| Task objective |
Output the whole listing exactly, with no pictures.
*** Opening of Raw data ***
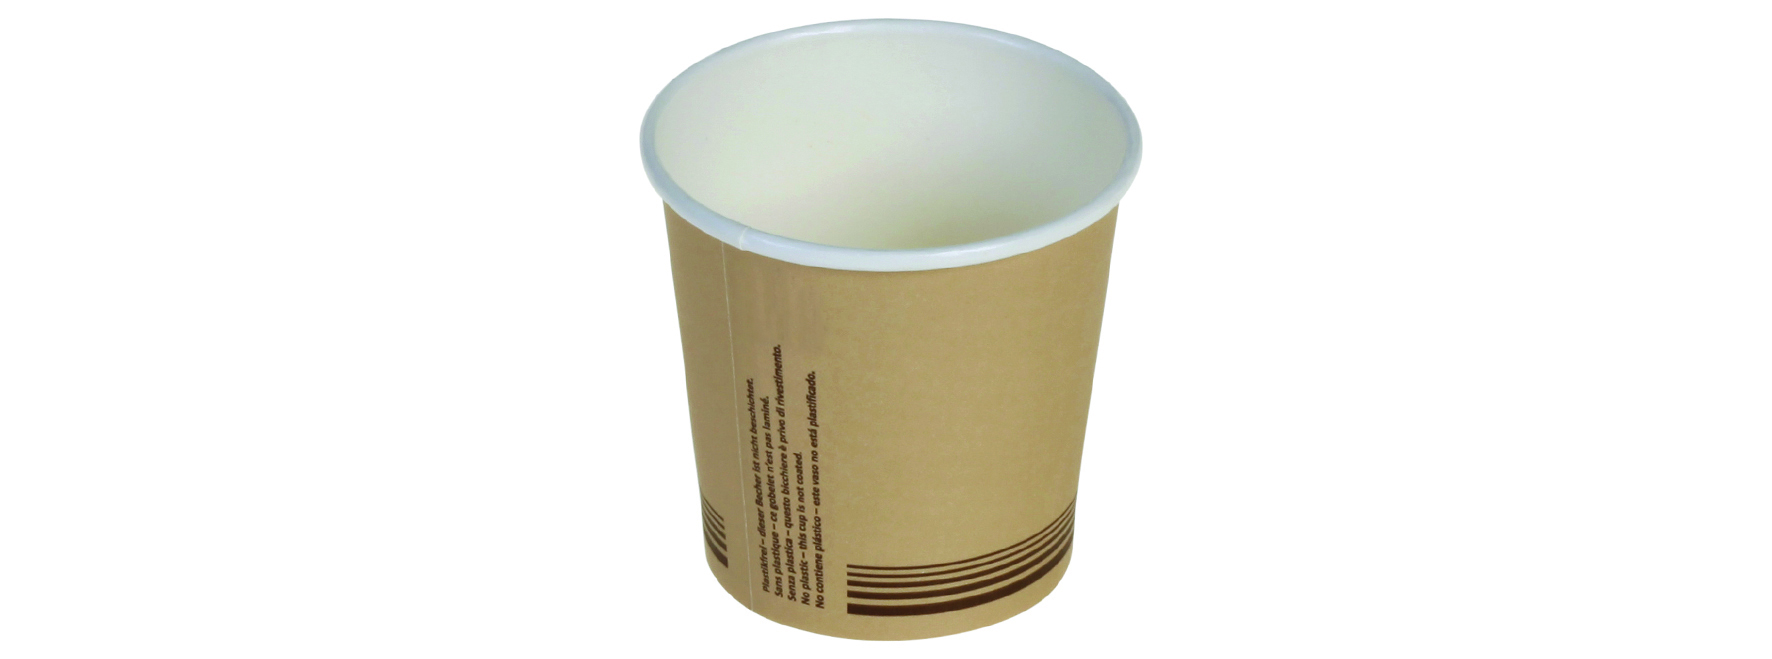 Pacovis Kaffeebecher 0.7dl, braun, Ø56mm, nicht Plastik-laminiert
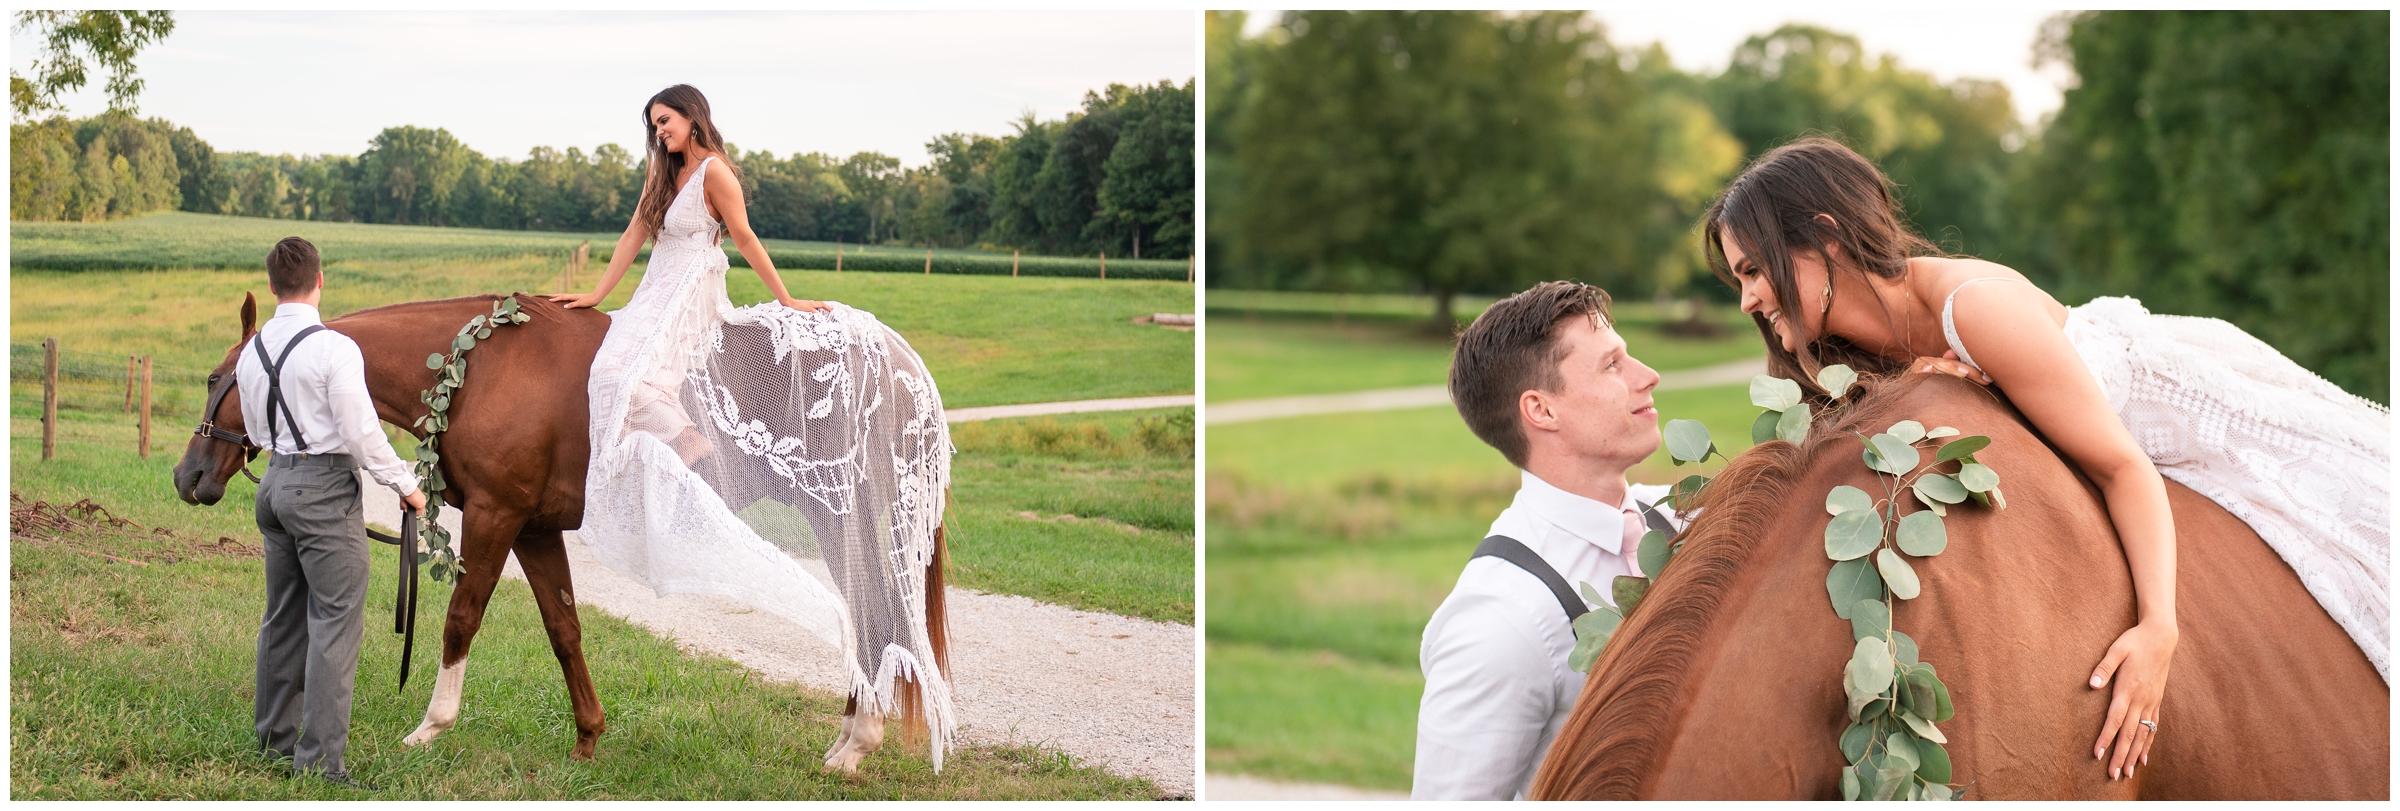 Farm Wedding, Bride on Horse
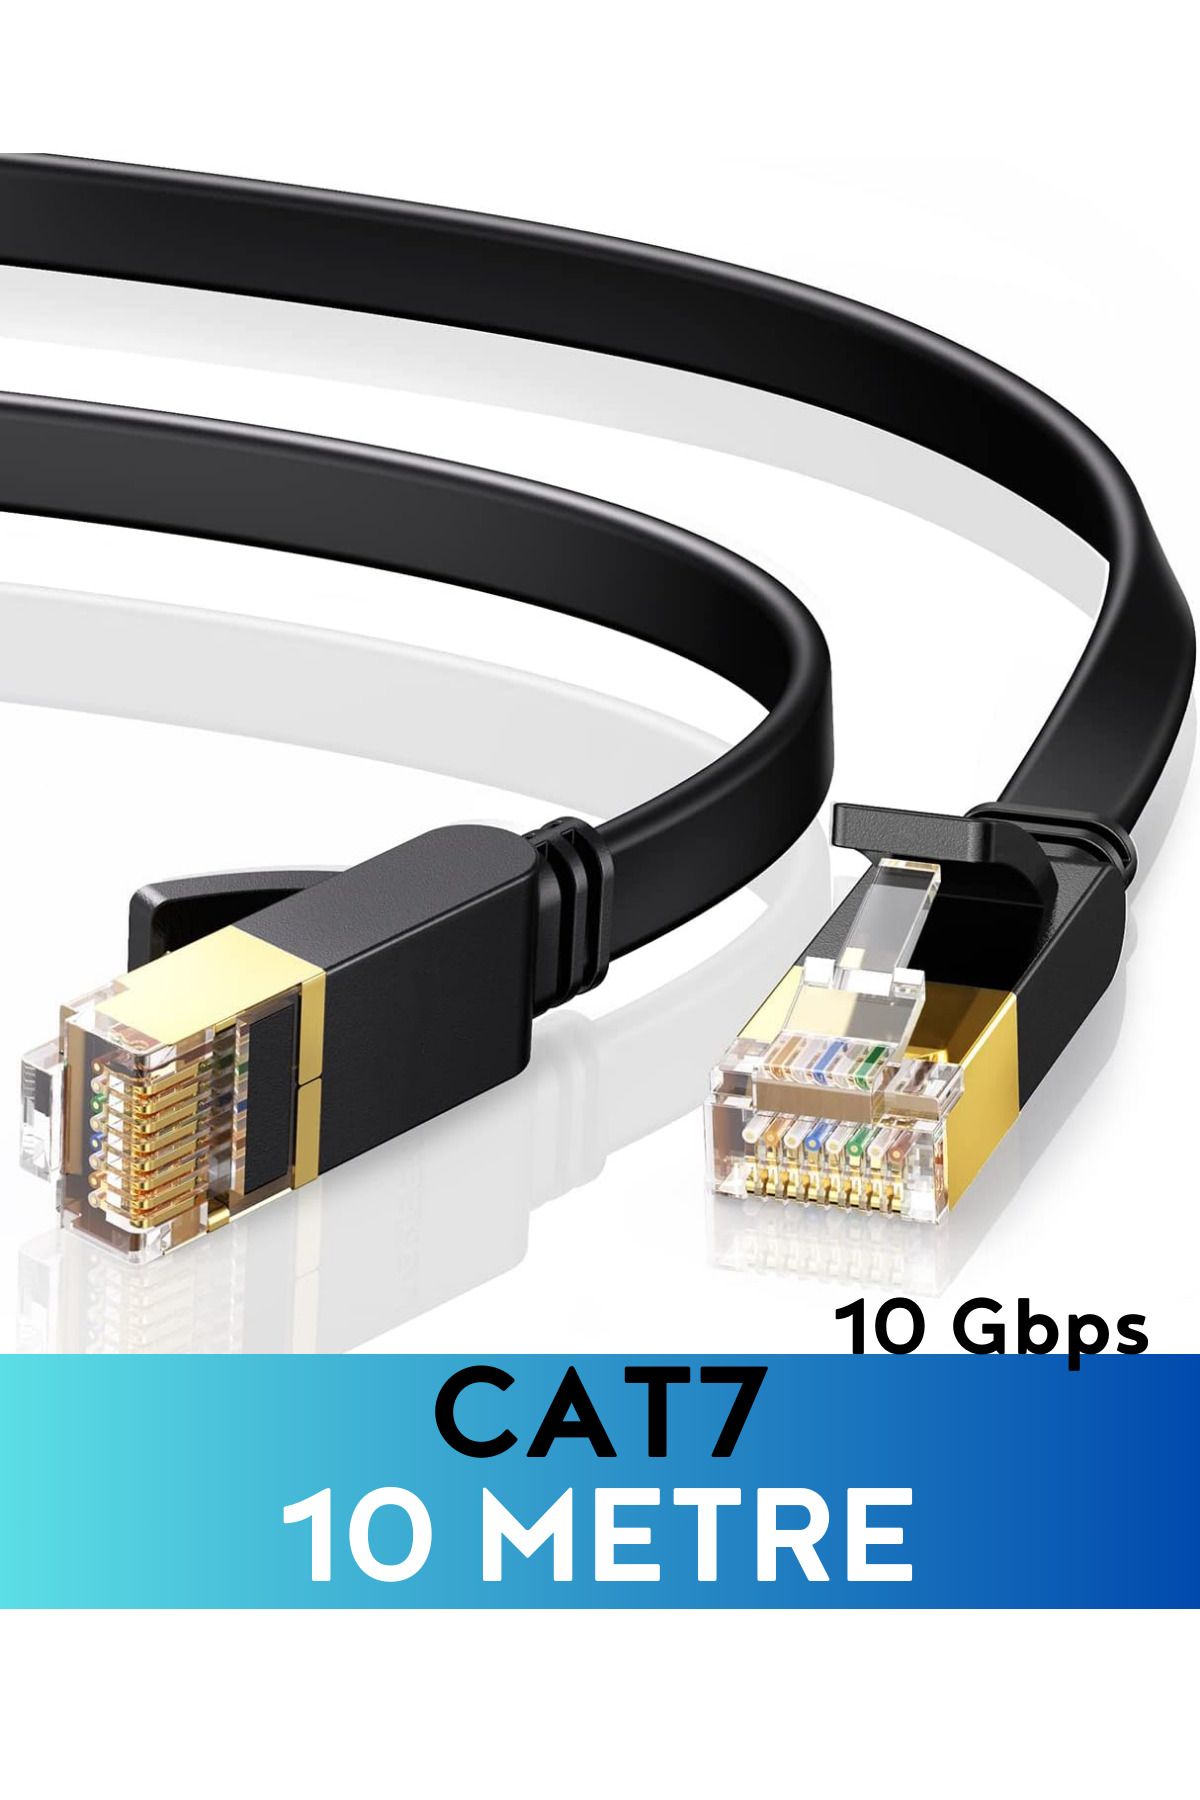 Vetech CAT7 10 Metre Ethernet Kablosu 10Gbps Premium İnternet Lan Kablo 10mt
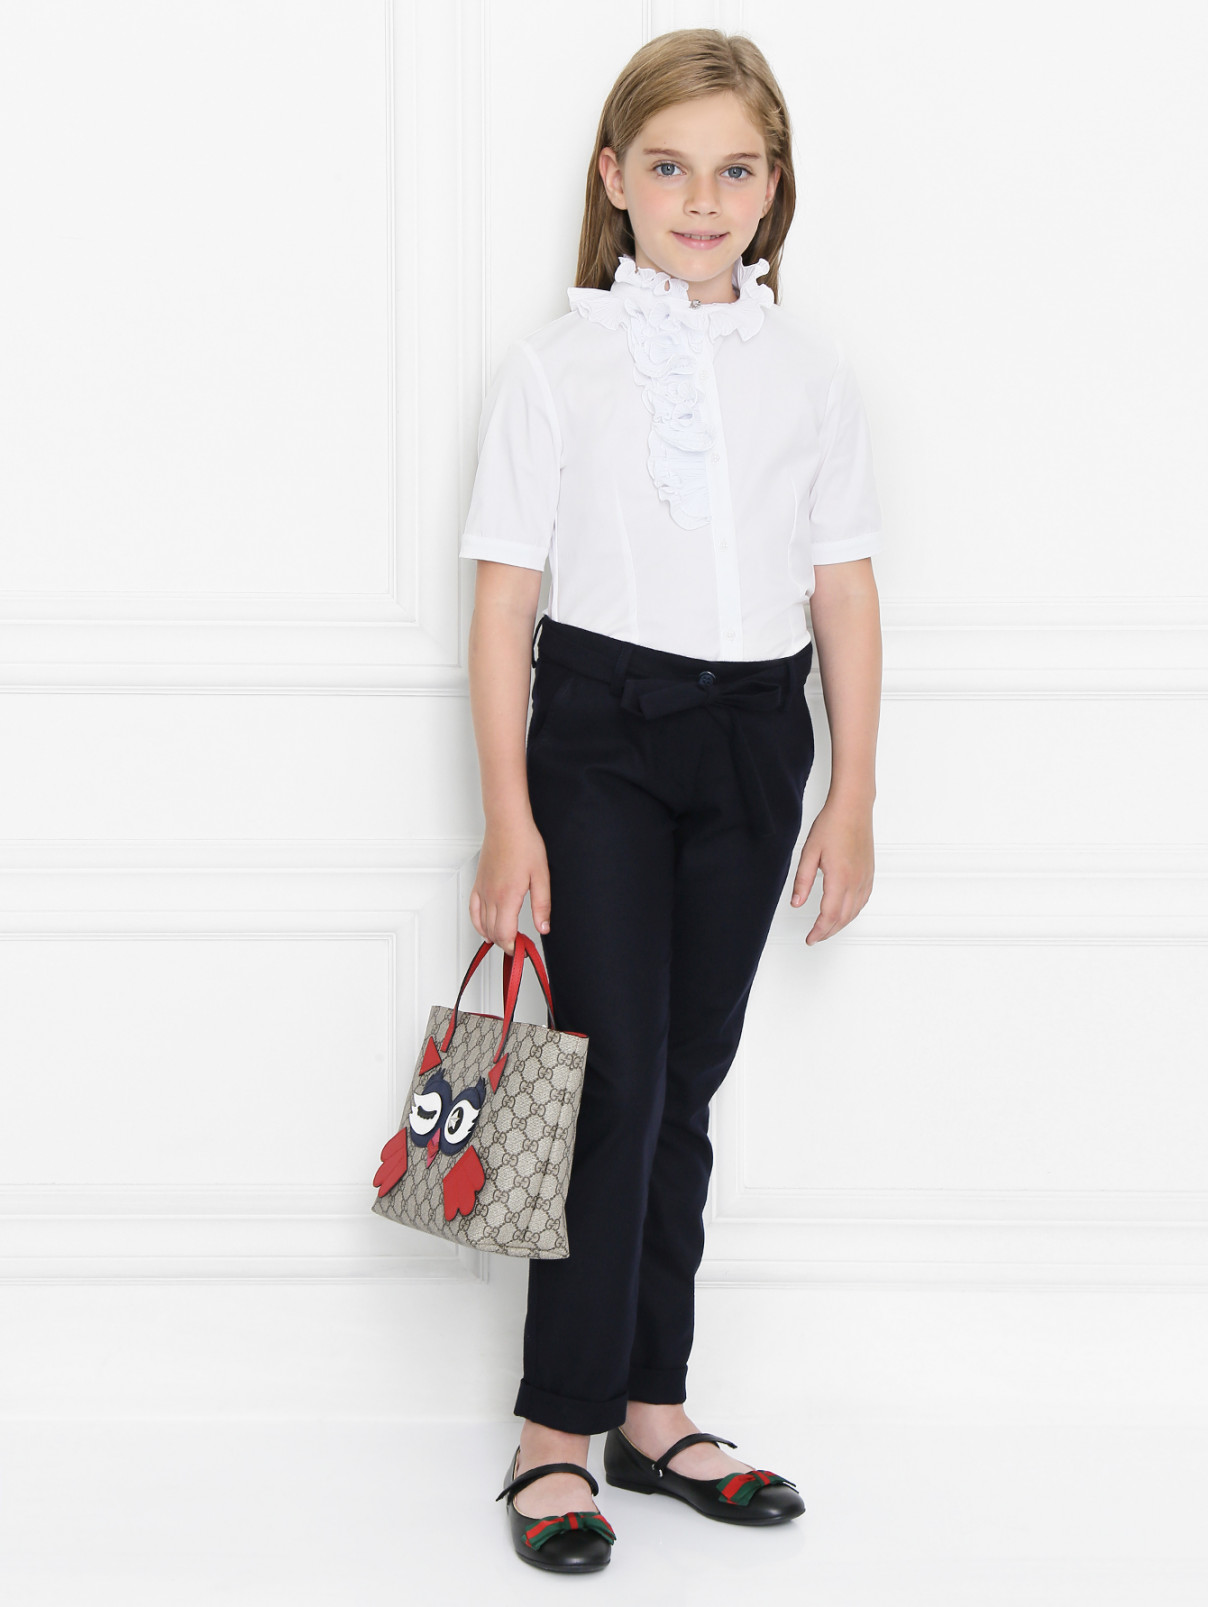 Хлопковая блуза с коротким рукавом Aletta Couture  –  Модель Общий вид  – Цвет:  Белый
*** Close of Raw data ***
| Reply |
 Pacovis Kaffeebecher 0.7dl, braun, Ø56mm, nicht Plastik-laminiert
 Farm Wedding, Bride on Horse
 Vetech CAT7 10 Metre Ethernet Kablosu 10Gbps Premium İnternet Lan Kablo 10mt
 Хлопковая блуза с коротким рукавом Aletta Couture  –  Модель Общий вид  – Цвет:  Белый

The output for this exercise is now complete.